**TASK:**
Which lines below hold the word "Black"? Report each one.
-- EXTRACTED DATA follows --
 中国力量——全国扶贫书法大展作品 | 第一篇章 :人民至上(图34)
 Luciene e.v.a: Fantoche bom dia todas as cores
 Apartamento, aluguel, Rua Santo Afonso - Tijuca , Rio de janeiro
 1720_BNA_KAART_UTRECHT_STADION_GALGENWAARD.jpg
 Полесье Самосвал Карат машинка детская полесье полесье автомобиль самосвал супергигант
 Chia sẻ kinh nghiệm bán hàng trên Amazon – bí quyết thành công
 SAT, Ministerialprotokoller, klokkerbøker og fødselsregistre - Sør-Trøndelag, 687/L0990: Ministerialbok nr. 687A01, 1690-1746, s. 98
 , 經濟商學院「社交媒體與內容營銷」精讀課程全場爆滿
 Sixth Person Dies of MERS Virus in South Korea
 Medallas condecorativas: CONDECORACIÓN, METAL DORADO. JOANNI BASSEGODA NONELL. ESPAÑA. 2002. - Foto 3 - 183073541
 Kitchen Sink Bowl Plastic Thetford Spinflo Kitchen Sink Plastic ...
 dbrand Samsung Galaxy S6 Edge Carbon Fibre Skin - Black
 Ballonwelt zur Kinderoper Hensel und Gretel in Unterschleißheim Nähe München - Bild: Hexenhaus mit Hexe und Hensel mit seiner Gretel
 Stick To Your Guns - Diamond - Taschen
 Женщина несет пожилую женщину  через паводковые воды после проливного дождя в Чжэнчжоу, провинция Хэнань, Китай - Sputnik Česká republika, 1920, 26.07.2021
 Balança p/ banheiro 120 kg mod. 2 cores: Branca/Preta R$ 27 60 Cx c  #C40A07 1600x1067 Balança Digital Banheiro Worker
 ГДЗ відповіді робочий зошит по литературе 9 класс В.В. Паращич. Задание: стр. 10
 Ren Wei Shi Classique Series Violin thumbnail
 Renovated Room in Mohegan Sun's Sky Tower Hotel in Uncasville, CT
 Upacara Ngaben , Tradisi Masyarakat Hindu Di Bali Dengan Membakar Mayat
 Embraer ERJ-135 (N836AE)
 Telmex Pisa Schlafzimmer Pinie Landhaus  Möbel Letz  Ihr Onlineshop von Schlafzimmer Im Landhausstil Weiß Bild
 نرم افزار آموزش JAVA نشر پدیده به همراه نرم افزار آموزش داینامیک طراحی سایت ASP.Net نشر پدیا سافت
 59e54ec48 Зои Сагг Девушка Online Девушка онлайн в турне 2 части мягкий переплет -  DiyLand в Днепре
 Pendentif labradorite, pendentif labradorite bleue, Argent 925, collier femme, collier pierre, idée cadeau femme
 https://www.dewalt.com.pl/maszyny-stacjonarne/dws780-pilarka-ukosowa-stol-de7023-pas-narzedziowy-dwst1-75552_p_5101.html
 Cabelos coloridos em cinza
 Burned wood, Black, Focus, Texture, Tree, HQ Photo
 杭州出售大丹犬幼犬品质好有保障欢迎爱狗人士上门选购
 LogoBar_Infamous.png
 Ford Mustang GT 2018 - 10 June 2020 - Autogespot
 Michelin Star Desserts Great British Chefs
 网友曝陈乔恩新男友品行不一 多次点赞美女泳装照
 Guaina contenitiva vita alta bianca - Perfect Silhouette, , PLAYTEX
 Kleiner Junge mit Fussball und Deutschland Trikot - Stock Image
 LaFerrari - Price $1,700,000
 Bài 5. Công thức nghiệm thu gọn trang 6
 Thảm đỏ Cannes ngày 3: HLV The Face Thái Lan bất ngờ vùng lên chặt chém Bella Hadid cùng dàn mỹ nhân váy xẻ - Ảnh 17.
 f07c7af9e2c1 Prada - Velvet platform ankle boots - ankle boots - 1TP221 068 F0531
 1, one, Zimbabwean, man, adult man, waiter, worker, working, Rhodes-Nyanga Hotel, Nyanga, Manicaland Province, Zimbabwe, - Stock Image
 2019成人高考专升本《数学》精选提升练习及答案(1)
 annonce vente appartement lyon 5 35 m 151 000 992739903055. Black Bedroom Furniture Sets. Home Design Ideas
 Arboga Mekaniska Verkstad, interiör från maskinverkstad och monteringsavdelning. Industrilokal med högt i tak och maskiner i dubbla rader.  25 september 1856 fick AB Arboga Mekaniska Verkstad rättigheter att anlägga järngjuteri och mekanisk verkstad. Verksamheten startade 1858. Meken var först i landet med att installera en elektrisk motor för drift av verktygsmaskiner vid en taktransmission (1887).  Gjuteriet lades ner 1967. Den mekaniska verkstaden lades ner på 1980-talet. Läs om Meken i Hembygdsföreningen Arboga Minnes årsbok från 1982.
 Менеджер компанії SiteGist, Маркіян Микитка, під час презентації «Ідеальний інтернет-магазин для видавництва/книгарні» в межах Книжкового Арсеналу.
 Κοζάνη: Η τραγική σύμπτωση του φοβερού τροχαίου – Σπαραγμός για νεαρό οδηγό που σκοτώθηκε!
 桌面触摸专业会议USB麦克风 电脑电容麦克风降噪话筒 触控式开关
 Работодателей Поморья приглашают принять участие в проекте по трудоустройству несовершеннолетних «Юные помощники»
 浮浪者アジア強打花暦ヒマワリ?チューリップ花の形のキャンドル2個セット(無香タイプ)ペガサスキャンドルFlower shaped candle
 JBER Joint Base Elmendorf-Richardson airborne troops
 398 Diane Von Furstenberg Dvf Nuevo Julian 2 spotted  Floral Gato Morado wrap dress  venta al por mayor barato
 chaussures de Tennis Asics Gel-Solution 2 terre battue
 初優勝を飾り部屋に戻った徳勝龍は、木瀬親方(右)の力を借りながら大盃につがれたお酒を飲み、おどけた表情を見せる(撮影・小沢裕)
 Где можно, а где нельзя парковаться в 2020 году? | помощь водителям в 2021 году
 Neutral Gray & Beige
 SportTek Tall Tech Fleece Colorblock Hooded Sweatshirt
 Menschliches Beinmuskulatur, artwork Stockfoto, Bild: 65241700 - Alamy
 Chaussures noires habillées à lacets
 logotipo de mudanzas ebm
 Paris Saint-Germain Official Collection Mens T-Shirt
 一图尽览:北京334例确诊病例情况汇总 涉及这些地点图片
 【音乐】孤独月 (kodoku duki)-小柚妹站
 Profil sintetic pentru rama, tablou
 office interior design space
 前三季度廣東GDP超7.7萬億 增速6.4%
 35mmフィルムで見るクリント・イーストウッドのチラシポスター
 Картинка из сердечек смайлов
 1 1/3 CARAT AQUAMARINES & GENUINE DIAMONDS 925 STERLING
-- EXTRACTED DATA concluded --
**OUTPUT FOR THIS TASK:**
 dbrand Samsung Galaxy S6 Edge Carbon Fibre Skin - Black
 Burned wood, Black, Focus, Texture, Tree, HQ Photo
 annonce vente appartement lyon 5 35 m 151 000 992739903055. Black Bedroom Furniture Sets. Home Design Ideas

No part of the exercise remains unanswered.